Assignment -
Return the full listing unchanged, excluding any images it contains.

═════ The data ═════

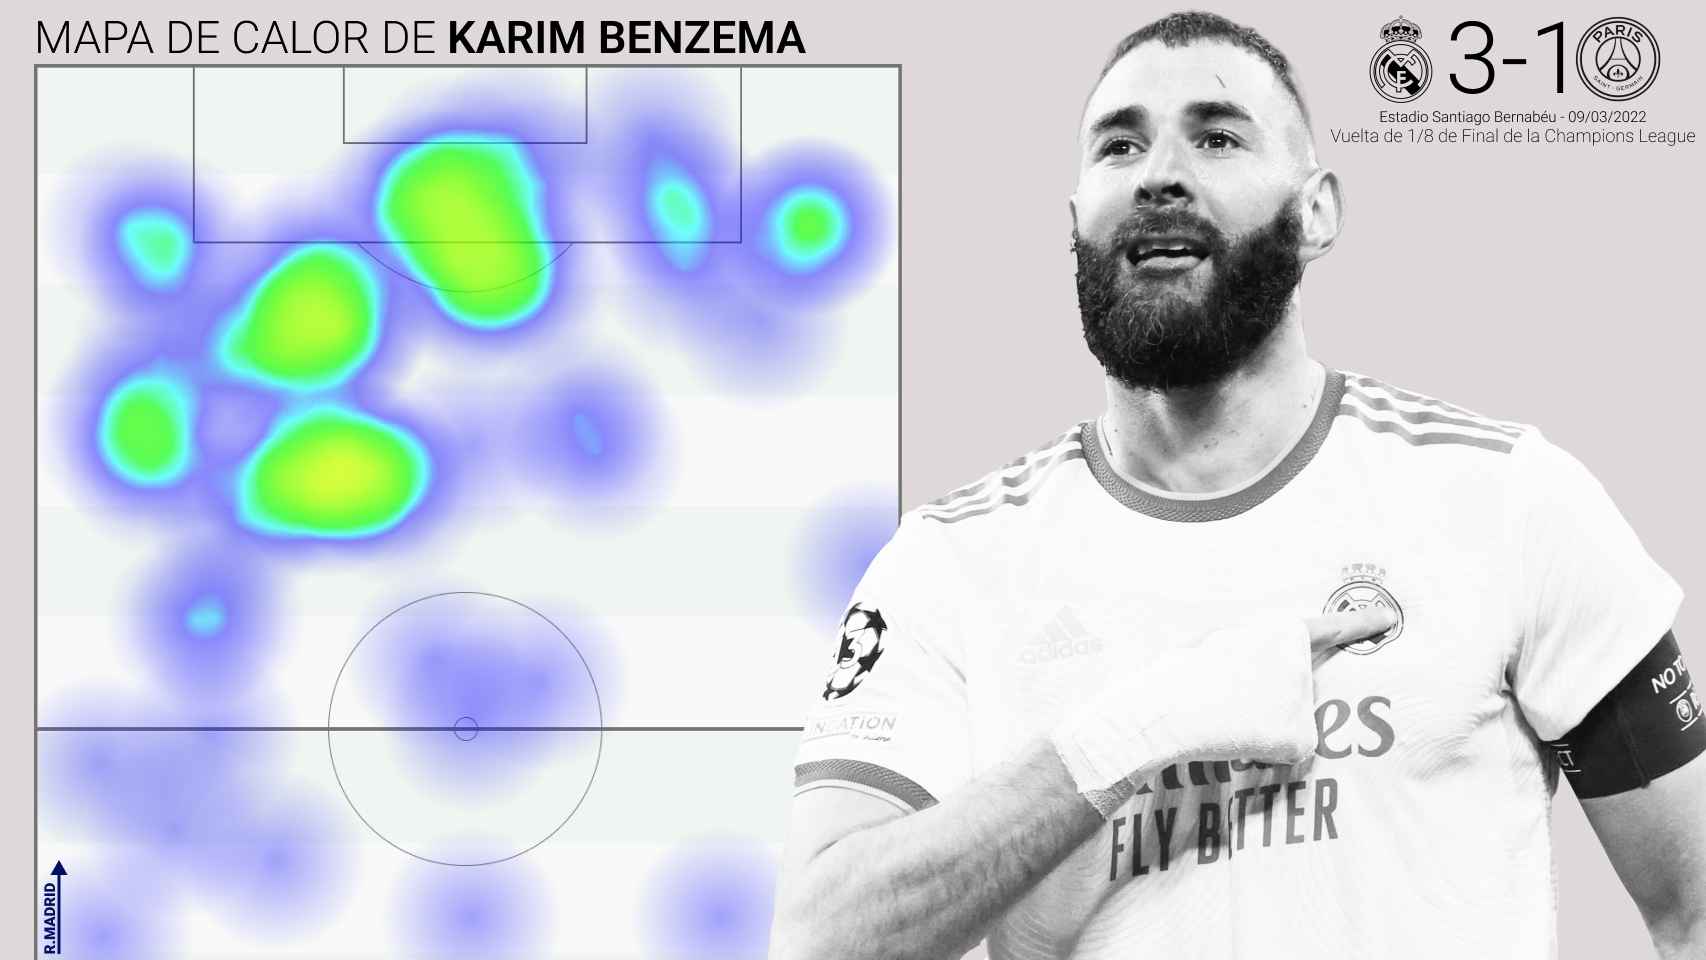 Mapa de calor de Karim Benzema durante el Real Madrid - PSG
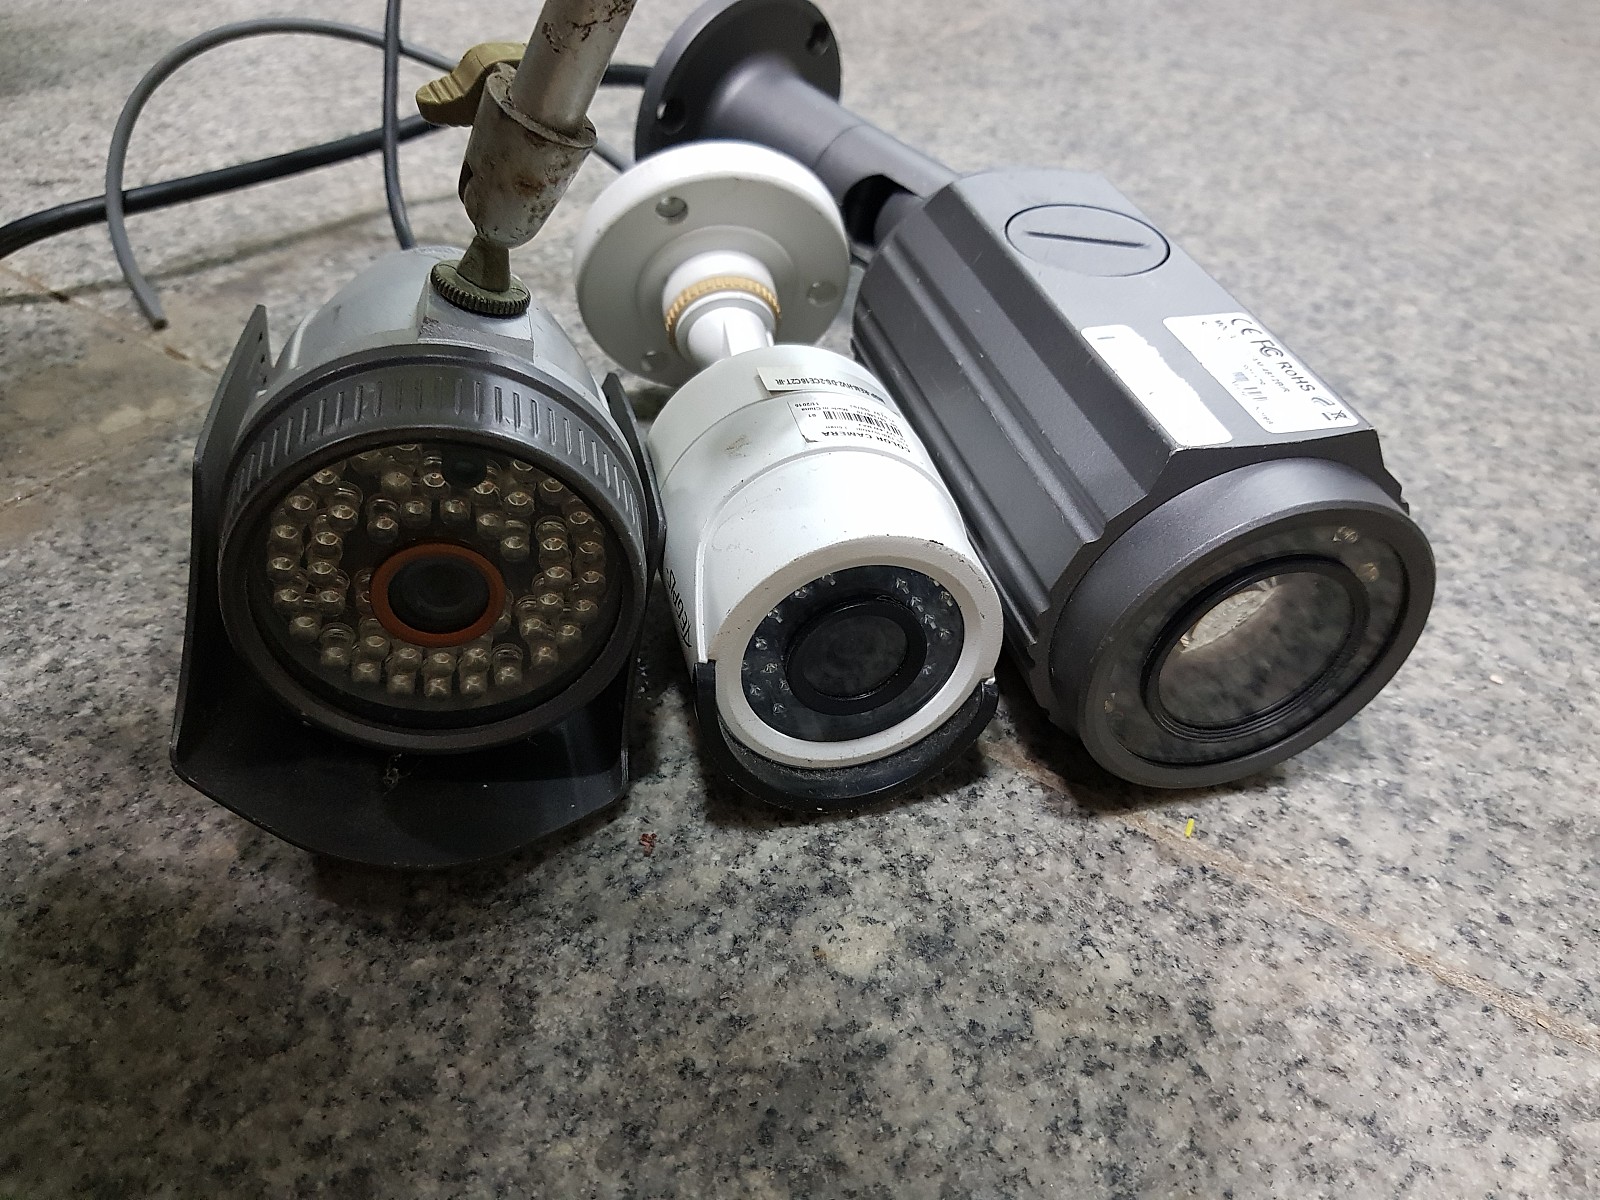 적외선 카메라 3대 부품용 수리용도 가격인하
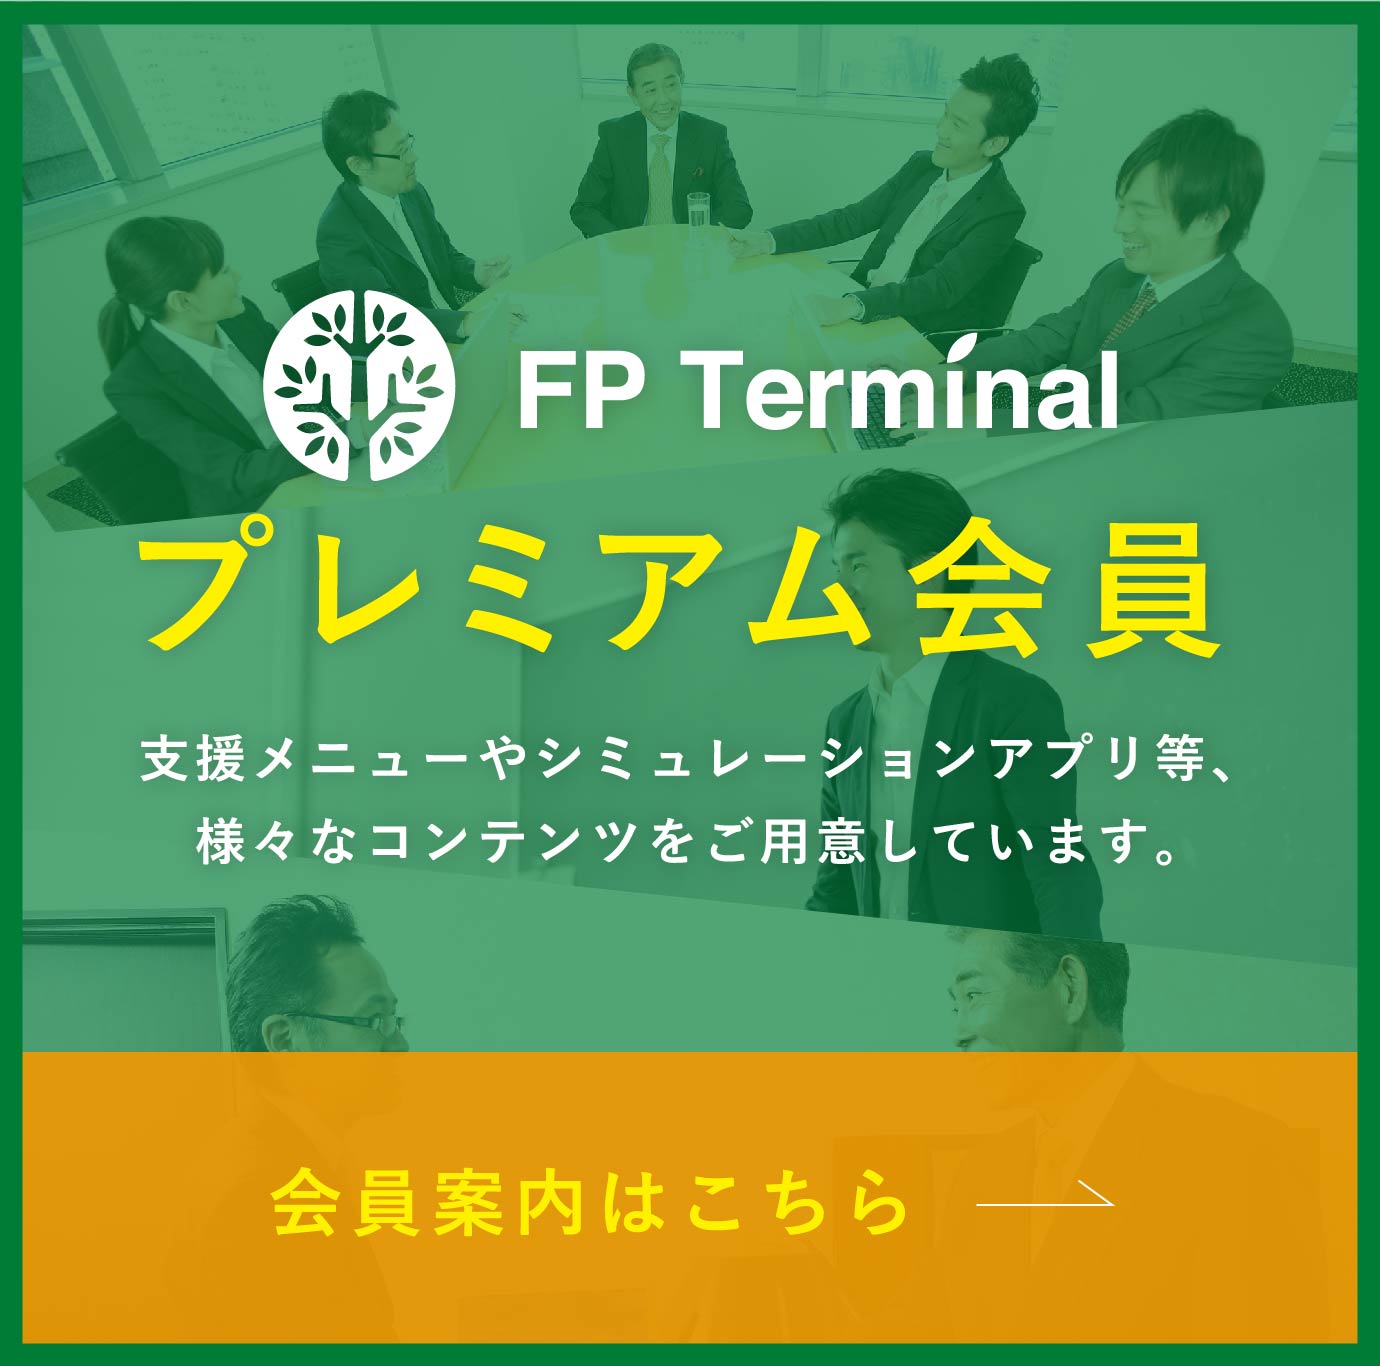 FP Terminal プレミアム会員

═════

Output for this task -
 Mapa de calor de Karim Benzema durante el Real Madrid - PSG
 적외선 카메라 3대 부품용 수리용도 가격인하
 FP Terminal プレミアム会員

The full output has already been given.